Protagonist and Antagonist are two of our personality traits. Protagonist represents our Initiative – our desire to change the status quo. Antagonist represents our Reticence to change, the desire to keep things as they are or return them to the way they were.

Often the character that fulfills the Protagonist function is also the character chosen as the Main Character. So, not only is this character the Prime Mover in the effort to change things by achieving a goal, but he (or she) also represents the audience position in the story. Such a character is the basis for the stereotypical “hero.”

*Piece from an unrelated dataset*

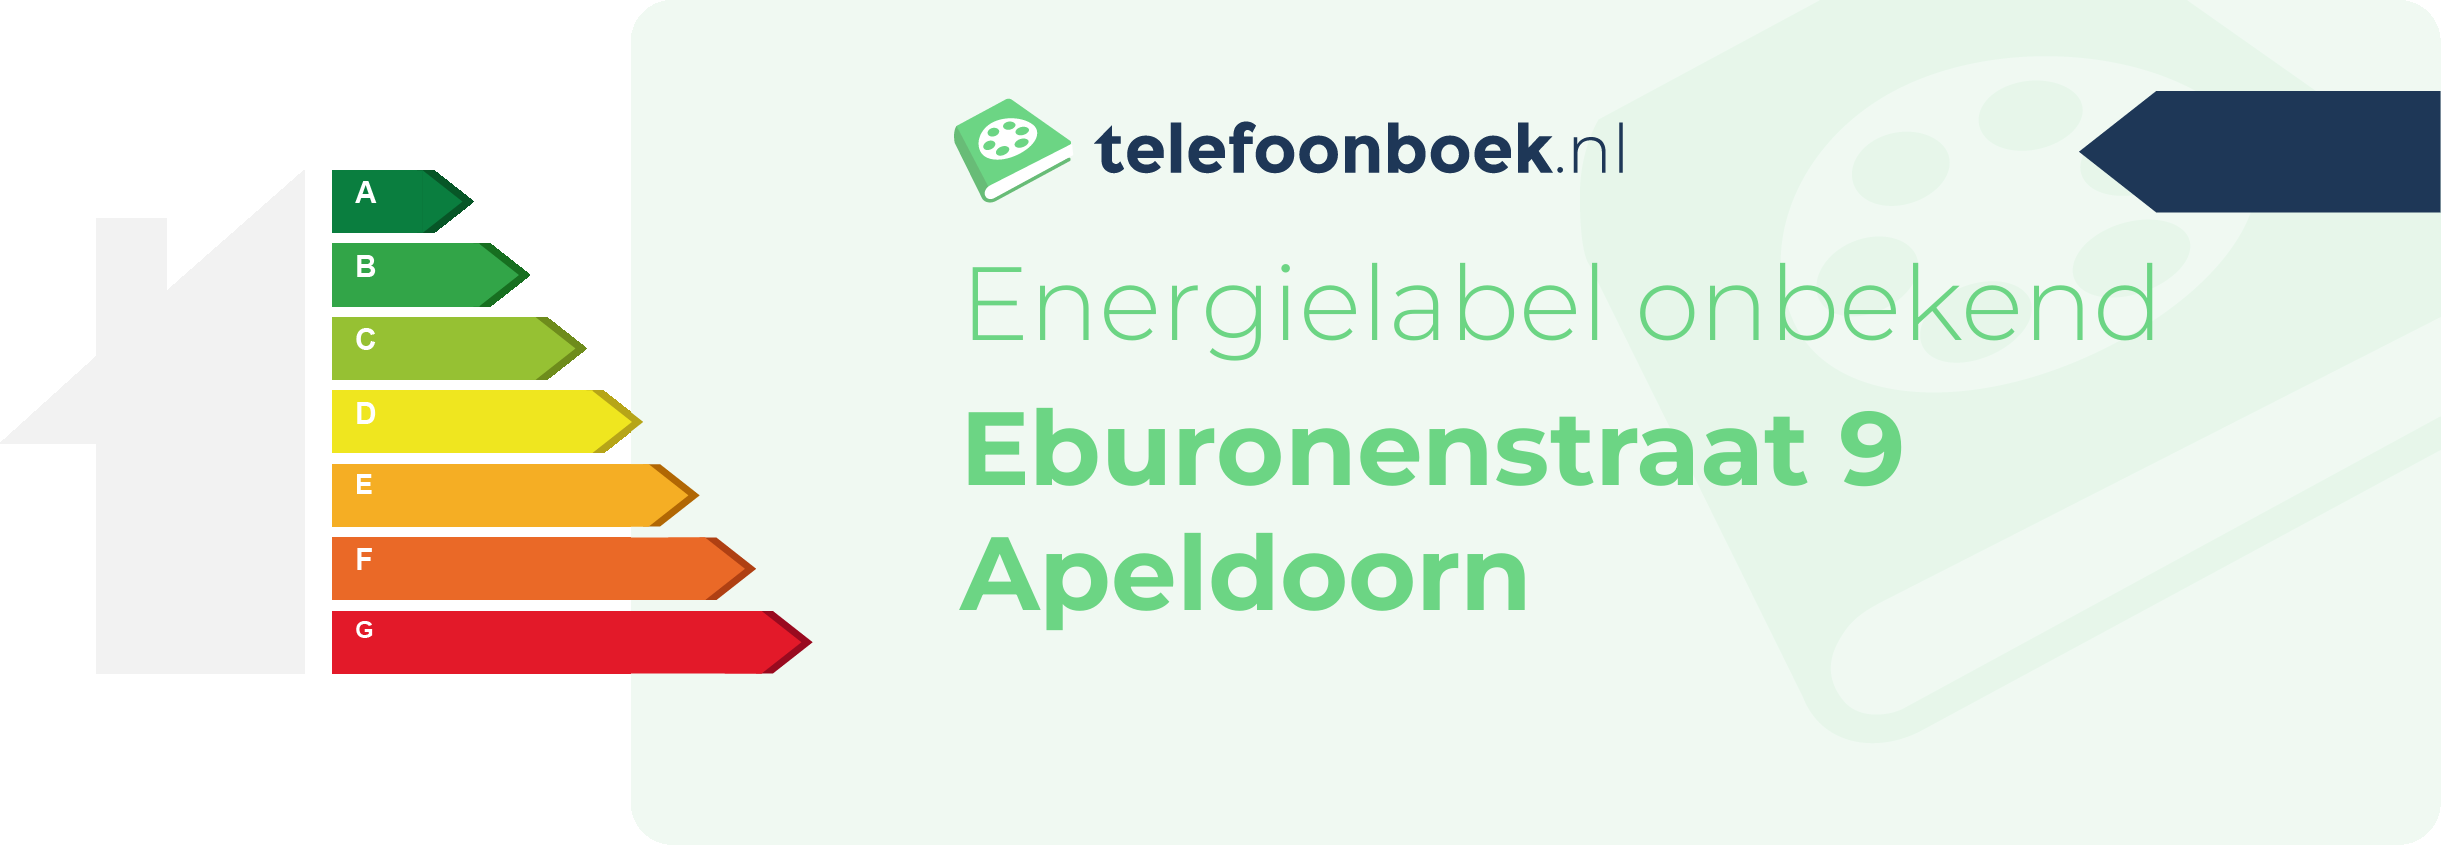 Energielabel Eburonenstraat 9 Apeldoorn

Similarly, the character who functions as the Antagonist is often chosen to also represent the Obstacle Character’s opposing paradigm, world view, or attitude toward the “message issue” of the story. This creates the stereotypical “villain.”

More sophisticated stories split these functions. Sometimes, as in the story To Kill A Mockingbird, they are completely split. In that story, the Protagonist is a small town lawyer (Atticus) whose goal is to free a black man wrongly accused of raping a white girl. But we don’t see the story through his eyes. Rather, we experience the story through the eyes of a child – his young daughter named Scout.

The Antagonist is the father of the girl who was ostensibly raped. He wants justice to take its normal course for that town, which would be a conviction based on race. He wants the status quo. This fellow, Bob Ewell, is opposed to Protagonist Atticus’ goal. So, the plot’s logistics revolve around these two characters.

But Scout, as Main Character, has her devil’s advocate voice that is her obstacle in the passionate story regarding the message issue. The character that has the greatest impact on her worldview, the greatest obstacle to maintaining her preconceptions is Boo Radley. Boo is a mentally challenged man who lives down the street in the basement of his parent’s home. All the kids in the neighborhood, including Scout, know him to be a monstrous “boogey man” who feasts on small children. But that is just a rumor based on fear. In fact, he is quite gentle and protective of the kids who never meet him directly. He looks out for them, but they don’t see it and despise him. Only when he rescues Scout from a vengeful Bob Ewell does the truth of his caring nature come out. Scout must change her mind about Boo.

In this manner, while we root for the virtuous Atticus, we are suckered into being prejudiced ourselves as we identify with Scout and accept her prejudices without any direct evidence or experience of our own. This is clearly a wonderful use of the technique of splitting all four characteristics.

In other stories, the Protagonist character is also the Main Character but the Obstacle Character is the Love Interest and the Antagonist is the rival. Such an arrangement is the classic “dramatic triangle” in which the logistics of the plot regarding the goal are fought out between the Protagonist/Main Character and the Antagonist rival, but the passionate argument regarding changing one’s nature is developed between the Protagonist/Main Character and the Obstacle Character Love Interest.

The film Witness does it a bit differently. The female lead, Rachel is the Love Interest, but also the Main Character. We actually see the story through HER eyes, not through the eyes of John Book (the Harrison Ford part). Rather, Book is the Obstacle Character, the one who tempts Rachel to abandon her Amish traditions and community to run off with him to the land of the “English.”

The corrupt police captain (Book’s boss) is the Antagonist. So, the plot revolves around Book against his boss, and the passionate story about changing one’s mind revolves around Book and Rachel., but it is seen through HER eyes.

So, the Antagonist is quite important in Dramatica, as is the Protagonist, Main and Obstacle characters. What Dramatica brings to this part of story is a clear understanding of how these logistic and passionate attributes of the Story Mind can be distributed in other ways than just as the stereotypical hero and villain.